Prompt =>
Copy all the lines of the data that include the word "della".

------ Excerpted data ------

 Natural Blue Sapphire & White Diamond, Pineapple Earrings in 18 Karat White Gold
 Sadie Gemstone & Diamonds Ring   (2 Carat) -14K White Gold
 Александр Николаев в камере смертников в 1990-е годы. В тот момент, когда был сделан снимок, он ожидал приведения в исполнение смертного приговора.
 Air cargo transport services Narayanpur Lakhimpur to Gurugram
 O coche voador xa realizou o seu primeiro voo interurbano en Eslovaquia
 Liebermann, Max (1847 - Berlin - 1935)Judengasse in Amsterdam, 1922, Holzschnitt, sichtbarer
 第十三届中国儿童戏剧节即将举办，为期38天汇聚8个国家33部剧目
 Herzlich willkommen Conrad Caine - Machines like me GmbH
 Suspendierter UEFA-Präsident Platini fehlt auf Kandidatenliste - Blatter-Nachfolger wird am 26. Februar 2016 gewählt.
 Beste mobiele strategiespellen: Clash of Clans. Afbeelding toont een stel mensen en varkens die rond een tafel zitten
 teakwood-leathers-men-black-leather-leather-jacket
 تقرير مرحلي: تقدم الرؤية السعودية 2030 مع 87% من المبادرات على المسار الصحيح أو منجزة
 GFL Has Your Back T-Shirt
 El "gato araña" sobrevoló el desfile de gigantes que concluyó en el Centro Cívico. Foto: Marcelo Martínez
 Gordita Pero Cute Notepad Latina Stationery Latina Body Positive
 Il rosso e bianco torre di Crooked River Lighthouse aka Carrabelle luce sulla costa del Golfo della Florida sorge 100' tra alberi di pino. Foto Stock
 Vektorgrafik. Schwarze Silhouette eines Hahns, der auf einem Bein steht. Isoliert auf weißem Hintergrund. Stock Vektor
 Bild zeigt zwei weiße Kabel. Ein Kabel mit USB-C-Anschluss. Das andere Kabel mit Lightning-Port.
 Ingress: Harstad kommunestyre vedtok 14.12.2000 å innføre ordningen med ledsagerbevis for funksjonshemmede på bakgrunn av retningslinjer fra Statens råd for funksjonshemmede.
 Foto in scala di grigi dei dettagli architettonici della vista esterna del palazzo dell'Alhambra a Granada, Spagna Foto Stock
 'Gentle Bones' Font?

------

Output =>
 Il rosso e bianco torre di Crooked River Lighthouse aka Carrabelle luce sulla costa del Golfo della Florida sorge 100' tra alberi di pino. Foto Stock
 Foto in scala di grigi dei dettagli architettonici della vista esterna del palazzo dell'Alhambra a Granada, Spagna Foto Stock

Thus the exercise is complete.